But she wasn’t always able to help. A patient who, according to Malleson, “dislikes sexuality, fears men and childbearing” deteriorated and Malleson referred her to a psychiatrist when she lost her appetite and ability to sleep.
Another patient answered Malleson’s questions as if her marriage had been consummated but during a physical examination, Malleson was surprised to find her hymen intact. The patient continued to deny her difficulties and the session ended abruptly with the case in “total confusion”.
In the 1950s, British couples were trying to navigate changing sexual norms while caught between two cultures: rigid emotional restraint versus a new sense of self-awareness and openness. So this period created opportunities but also huge pressure and suffering.

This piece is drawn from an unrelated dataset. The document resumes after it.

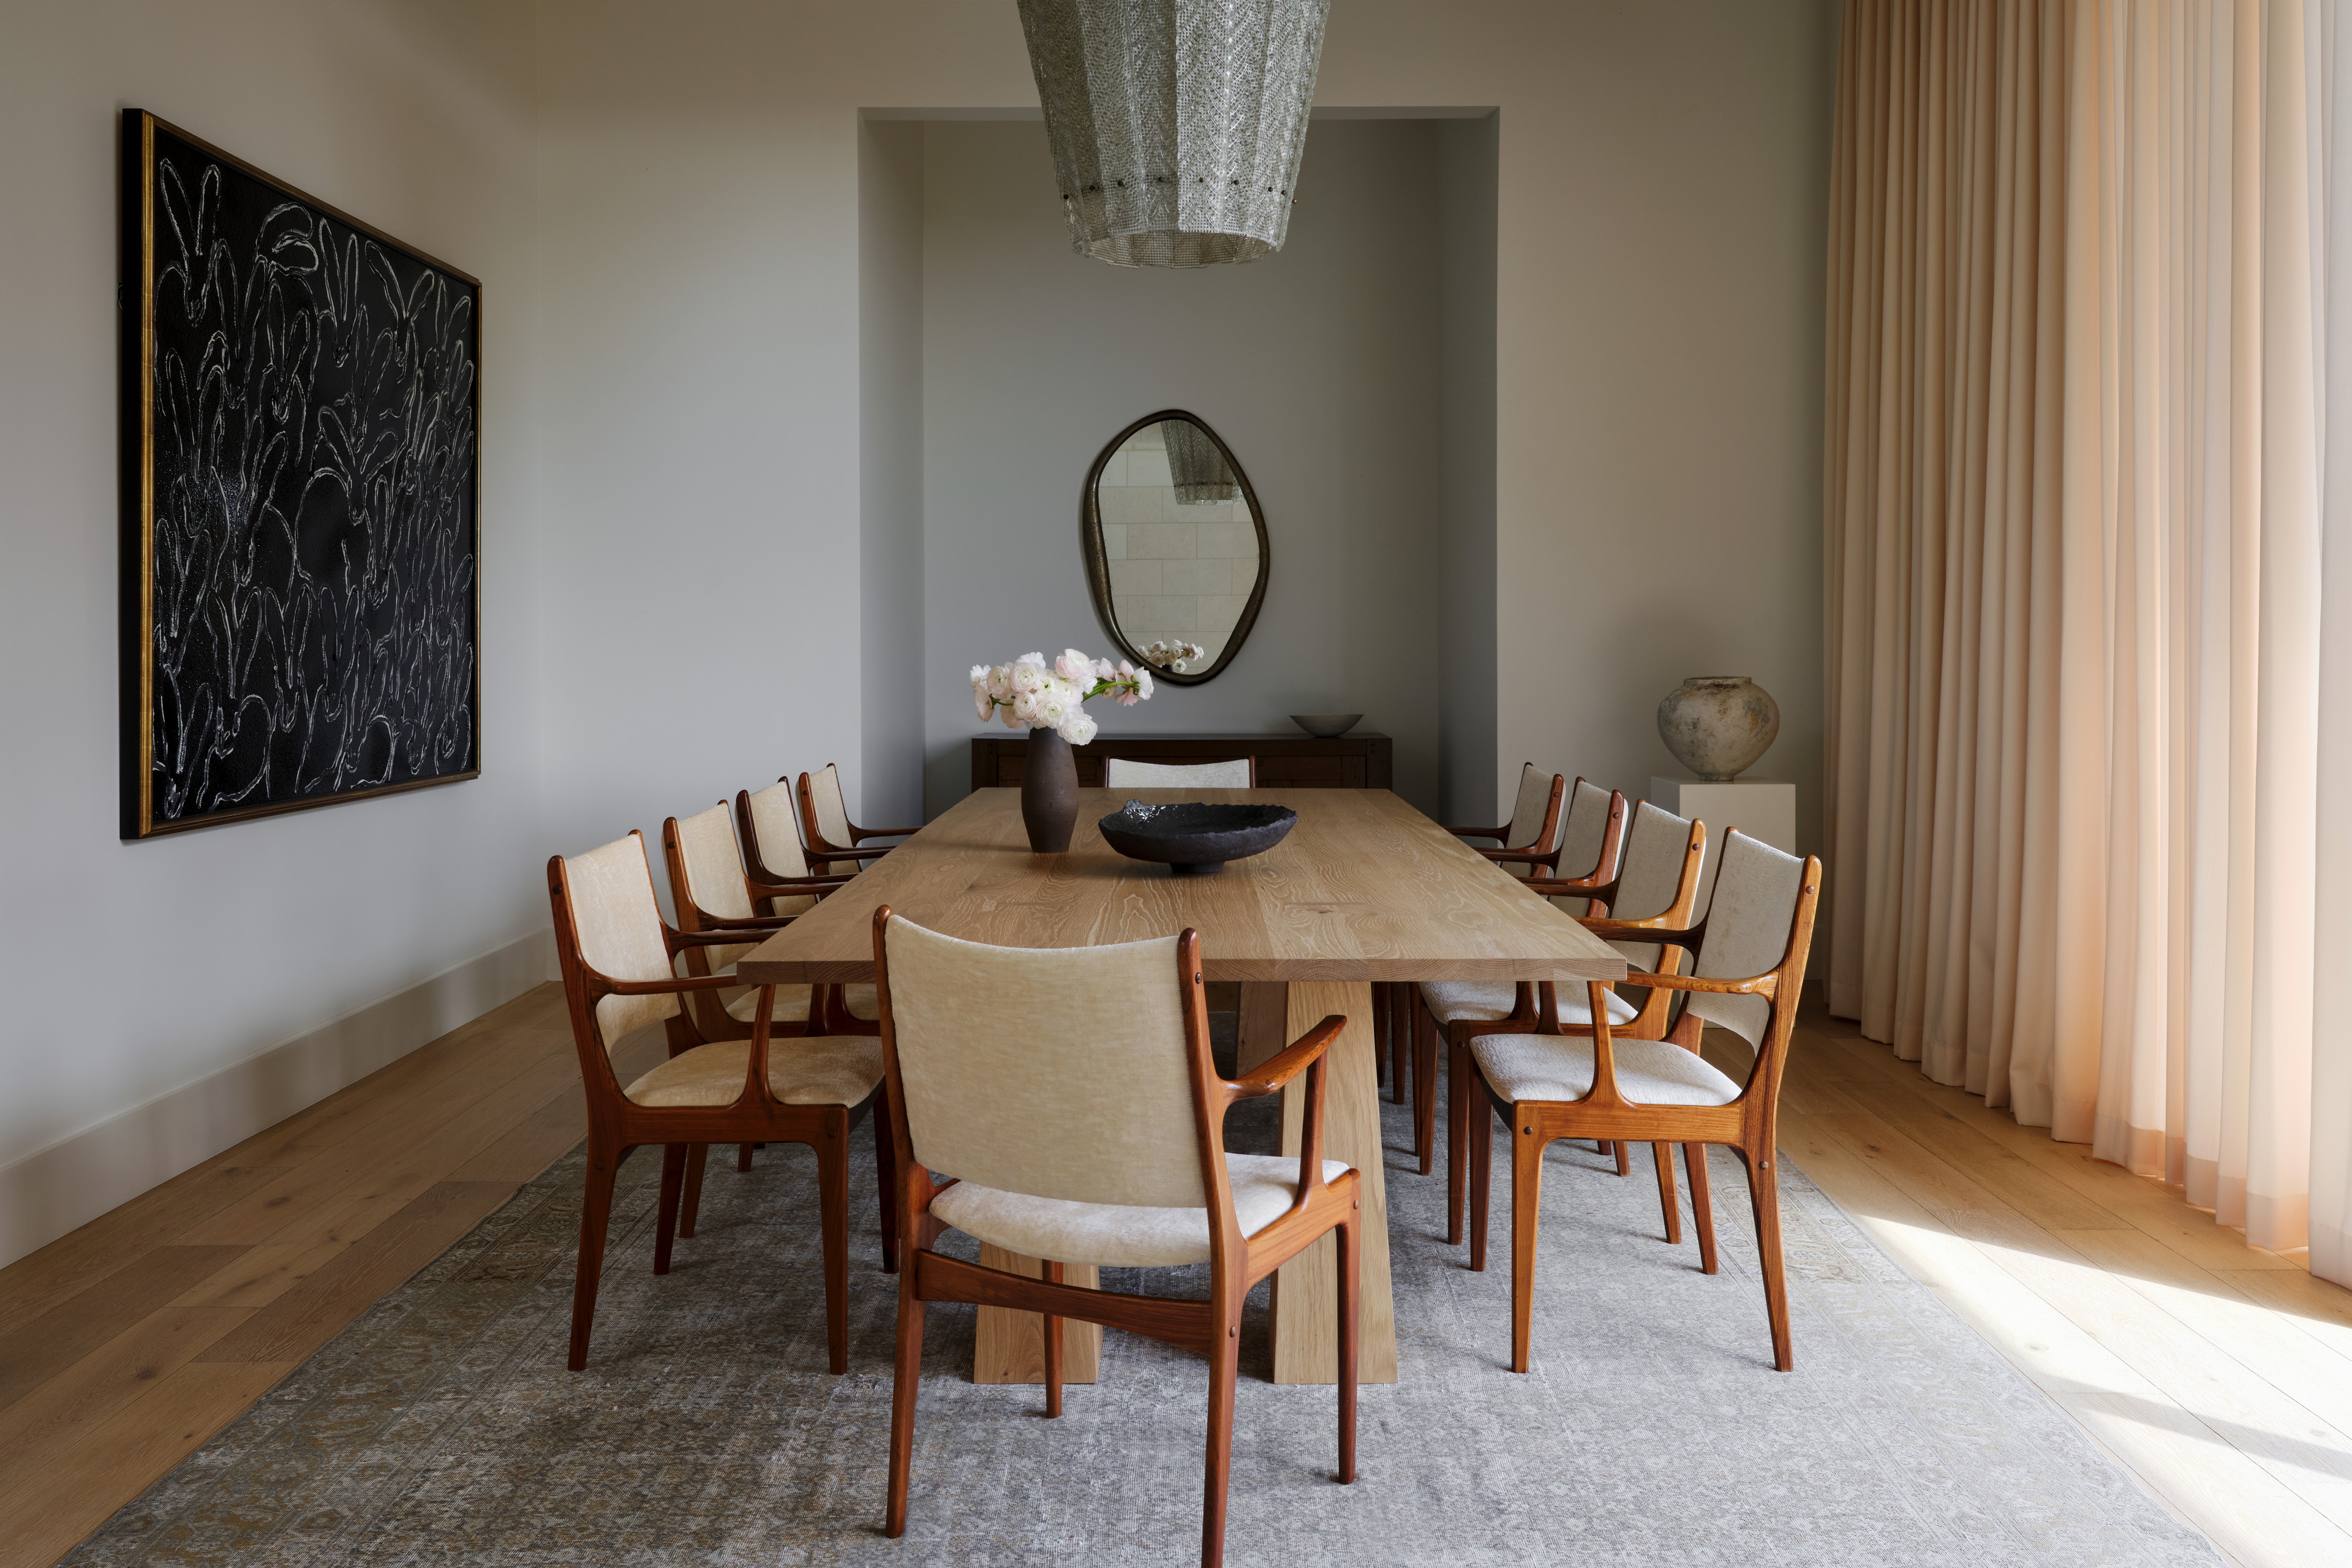 a dining room table with chairs around it

“Malleson was an important part of a movement which helped many couples find sexual and emotional satisfaction,” Rusterholz adds. “She was a pioneer and her legacy lives on – sex therapists still search for the origins of sexual difficulties via talk therapy and they still recommend practical exercises. But I think Malleson’s single biggest contribution was speaking up for the clitoral orgasm.
“Today, lack of sexual pleasure has become a pathological problem to be cured with magic pills. Aggressive pharmaceutical campaigns now target female sexual dysfunctions. This might help some people but perhaps Joan Malleson was ahead of her time when she warned against societal pressure to reach orgasm.”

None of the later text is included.